I tried to change rec source and default card - no result.
Please, help


----------



## mav@ (Jan 3, 2012)

What other record sources do you have? "mic" can be external microphone. Internal microphone can be named as "monitor". Also you have another sound device pcm3 that also supports recording, but there is not enough information to tell what it is.


----------



## Peter2121 (Jan 6, 2012)

Thank you for your answer, that is!

So, I have 3 mixers. With the mixer by default (sysctl hw.snd.default_unit=2) I can playback correctly but I cannot use microphone. With the third mixer (sysctl hw.snd.default_unit=3) I can use microphone for recording but I cannot playback. 
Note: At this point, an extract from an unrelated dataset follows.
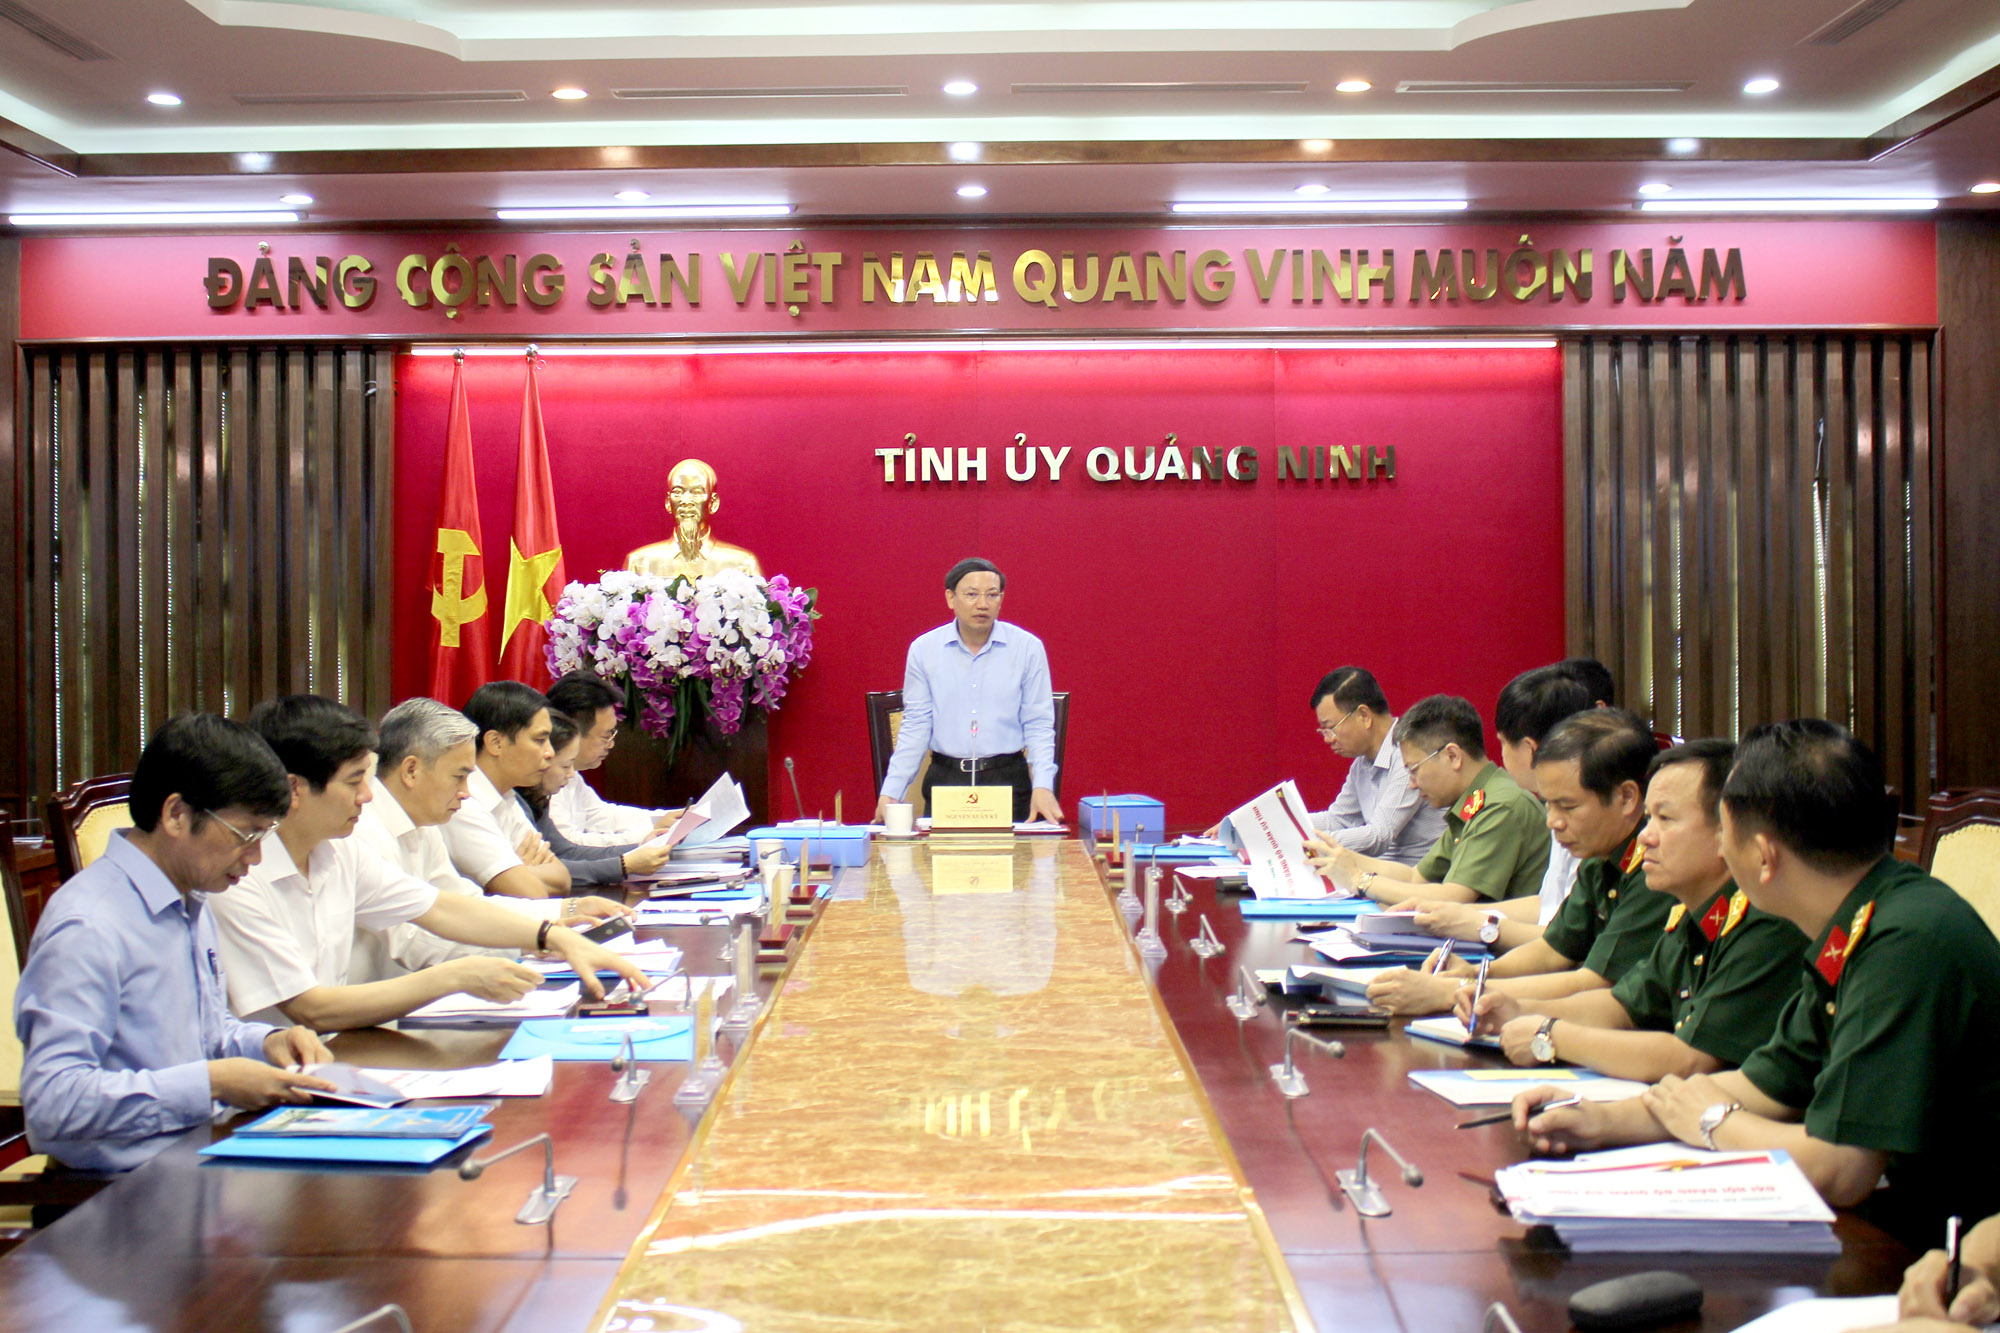 Đồng chí Nguyễn Xuân Ký, Bí thư Tỉnh ủy, Chủ tịch HĐND tỉnh kết luận buổi làm việc với Ban Thường vụ Đảng ủy Quân sự tỉnh.

So, the question IS - how to use the second mixer to playback and the third mixer for recording?
For example, neither Skype nor Jokosher do not give me to choose a mixer to use.


----------



## mav@ (Jan 10, 2012)

Skype and most of other applications are able to choose which device to use. Problem with the latest Skype could be in ALSA wrapper configuration that exports only one dsp device. On my FreeBSD machine after tuning that config I am successfully using Skype playing sound to default /dev/dsp device that varies depending on whether I am at home or not, but recording always from /dev/dsp0. Unluckily I have no idea how to do it properly on PC-BSD.


----------



## Peter2121 (Jan 10, 2012)

Your FreeBSD approach should work for PC-BSD - it's just FreeBSD 9 with some pre-installed packages and new PBI package management system. I'm using ALSA wrapper for Skype too. Please give me some information about your ALSA wrapper tuning.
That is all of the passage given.